A new study has found that the emerging H7N9 avian influenza virus responsible for at least 37 deaths in China has qualities that could potentially spark a global outbreak of flu.
An international team led by Yoshihiro Kawaoka of the University of Wisconsin-Madison and the University of Tokyo conducted a comprehensive analysis of two of the first human isolates of the virus from patients in China.
Their efforts revealed the H7N9 virus's ability to infect and replicate in several species of mammals, including ferrets and monkeys, and to transmit in ferrets - data that suggests H7N9 viruses have the potential to become a worldwide threat to human health.
"H7N9 viruses have several features typically associated with human influenza viruses and therefore possess pandemic potential and need to be monitored closely," Kawaoka, one of the world's leading experts on avian flu, said.

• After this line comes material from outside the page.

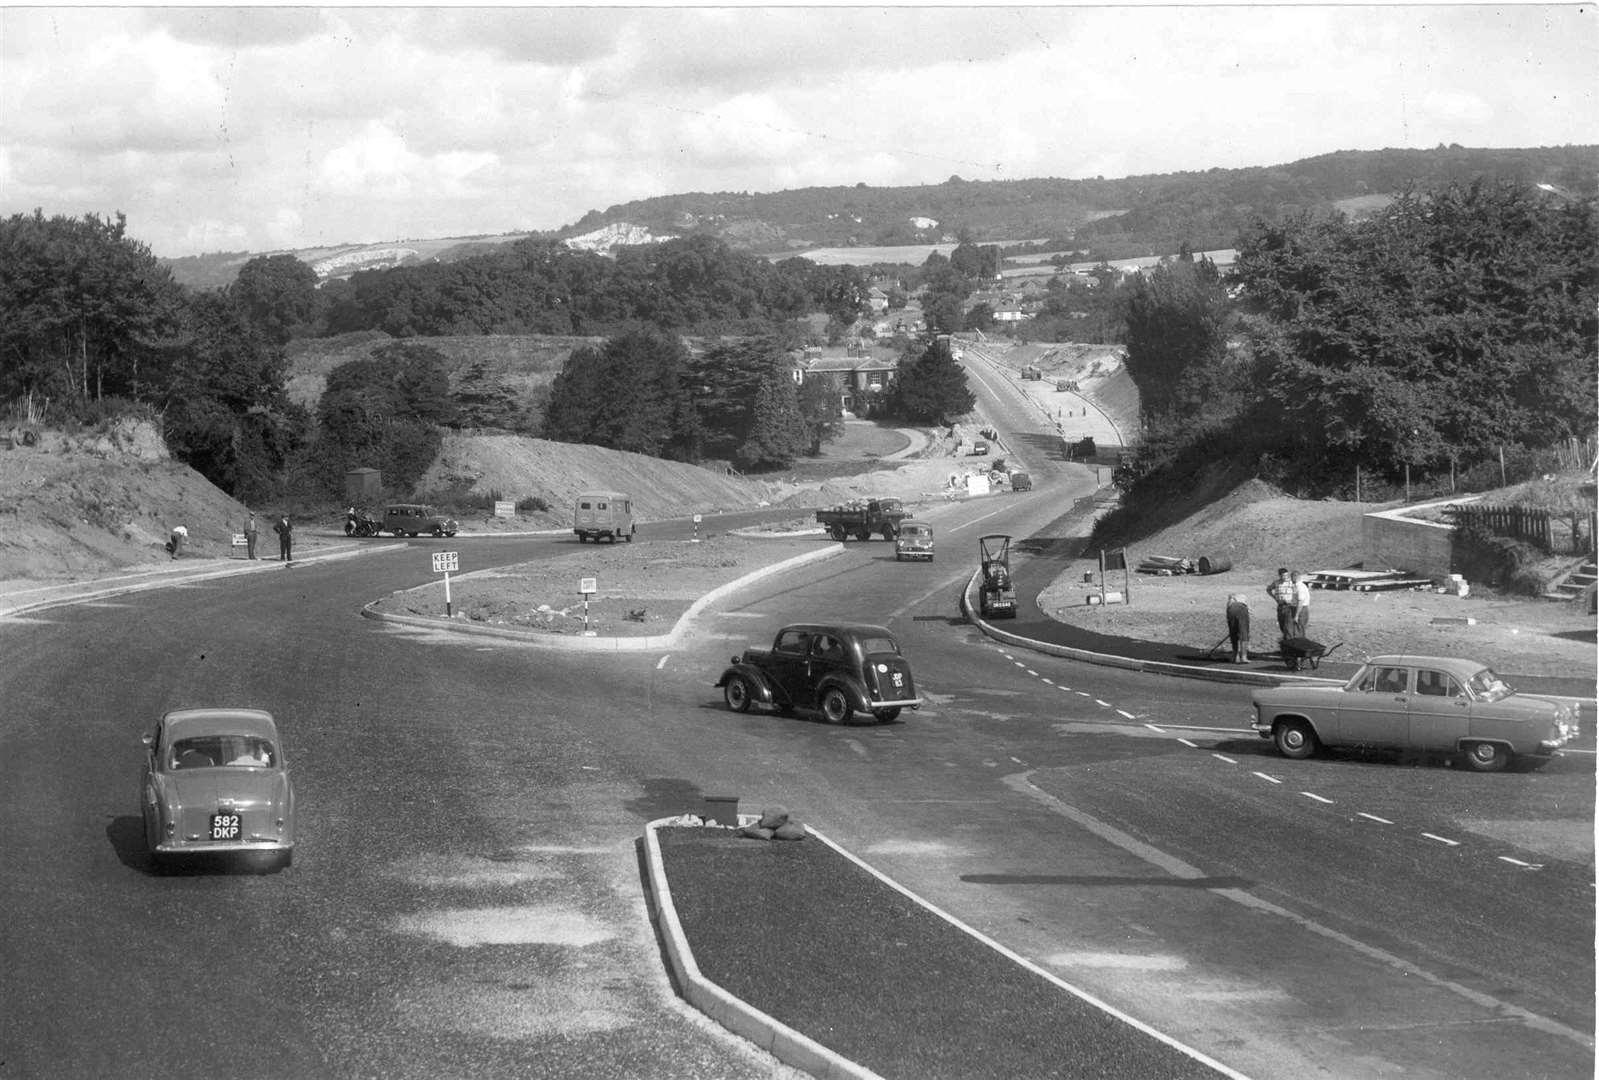 In 1960 the opening of Maidstone by-pass, now the M20, was to have significant effects on the area. This was these scene at the Maidstone-Chatham Road, near the Running Horse, as road improvements were carried out in readiness for the motorway

Normally, avian influenza viruses do not infect humans, with the exception of the highly pathogenic H5N1 strains.
However, the H7N9 virus has so far infected at least 132 humans, killing more than 20 percent of those infected, and several instances of human-to-human infection are suspected.
The new study suggests that the ability of the H7N9 virus to infect and replicate in human cells may be due to just a few amino acid changes in the genetic sequence of the virus.
The study is published in the journal Nature.